Do you think you timed the launch of souKare correctly?

It’s a too early to say yes or no because we are not big enough. In six to 12 months, we will know. So far all the indicators  – that mainly come from investors – indicate that we got it right. They seem to like the idea. In a year to two, we hope to be disrupting a few things and as a disruptor timing becomes less relevant.

What will you be disrupting?

Basically your whole healthcare experience, the purchase experience and journey. When I moved to Dubai I did not know which doctor to go to whereas if you had a Trip Advisor for doctors that would make life very easy.
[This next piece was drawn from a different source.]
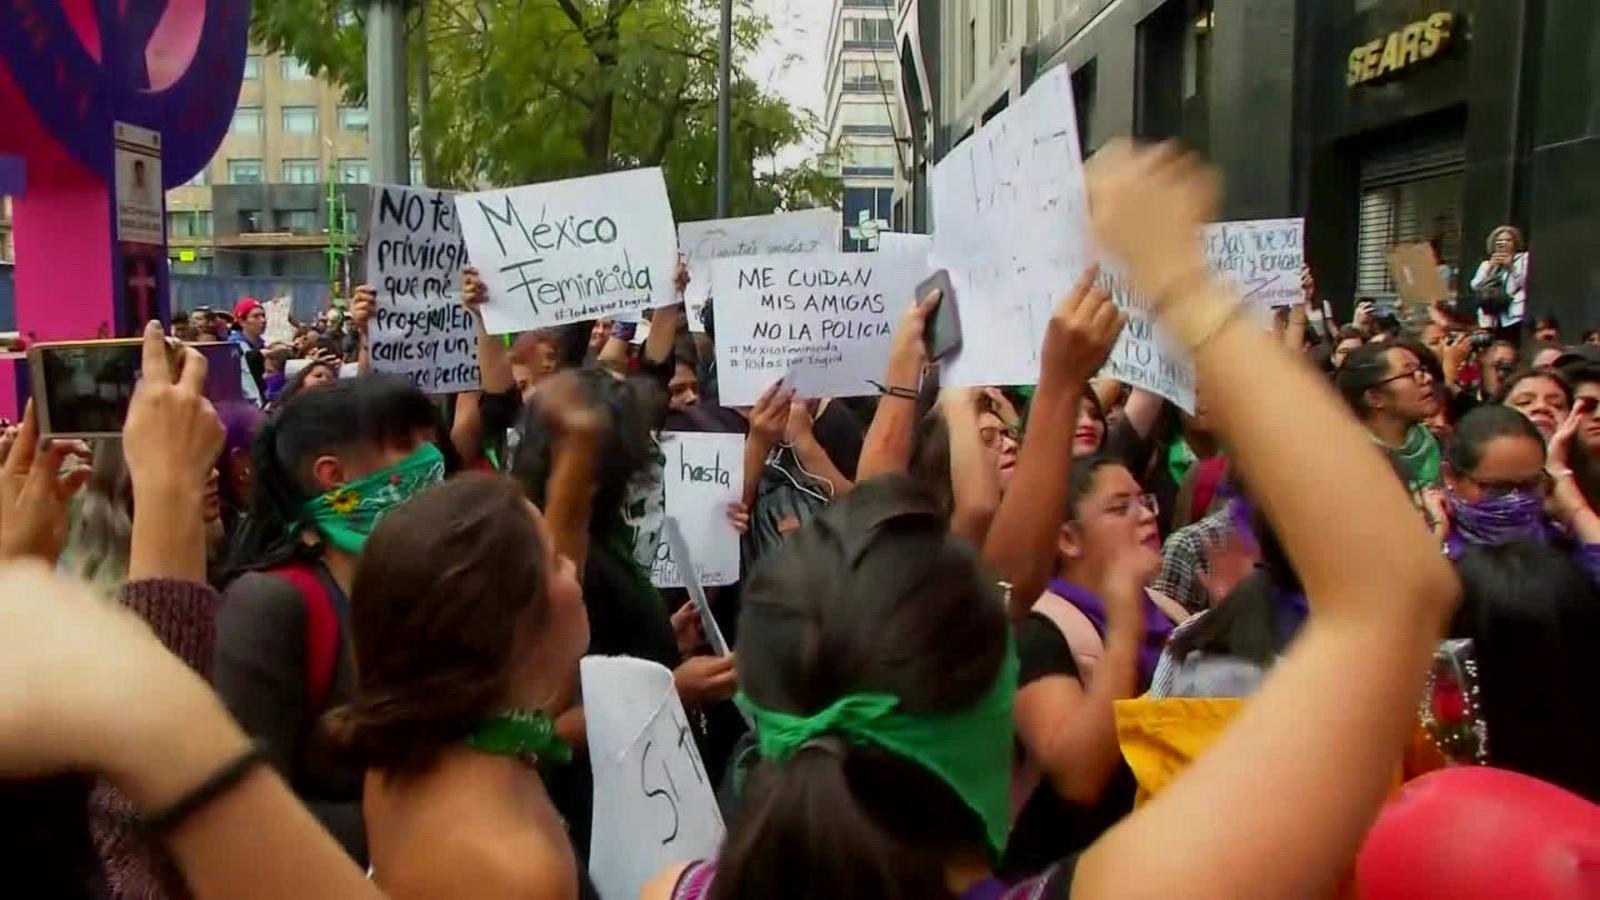 México: Mujeres van a paro nacional tras eliminación de ayudas sociales para mujeres y niñas

That does not exist today and that’s the disruption model.

Are you going to create a Trip Advisor for doctors?

The end-to-end idea is to, yes, have three categories advising on the best-rated doctors, fitness people and yogis.

How are you building a defensible business?

Exclusive partnerships will key to be that so imagine if we have partnerships with clinics that don’t have their own pharmacies, then that will give us a first move advantage, In e-commerce building something that is defendable is very difficult, the only thing you can do is make sure that the products are always authentic.

What start-up do you wish you had created?

Careem, not just because of what you see as a customer but because I know their culture, their employees and their level of excitement and the way they buy into the company's mission. Then it's how the founders have managed to grow the company, the level of satisfaction that they have and the fact they are making a difference to so many people. If you go to Pakistan, everyone now – even those that could not afford taxis - are booking Careems because their prices are typically half. What’s they’ve done over the last five to six years is quite fascinating.

What new skill have you learnt through setting up your own company?

When you are a consultant you work with many people – partners, managers, the back office - and you think you have nailed it. Now I realise those people were almost all on the same wavelength. Now, as a start-up, the stakeholders can be the people getting your uniforms or bike boxes made, the person processing a licence or investors - and initially you do it all yourself. So you deal with the entire spectrum - there is a lot of learning there.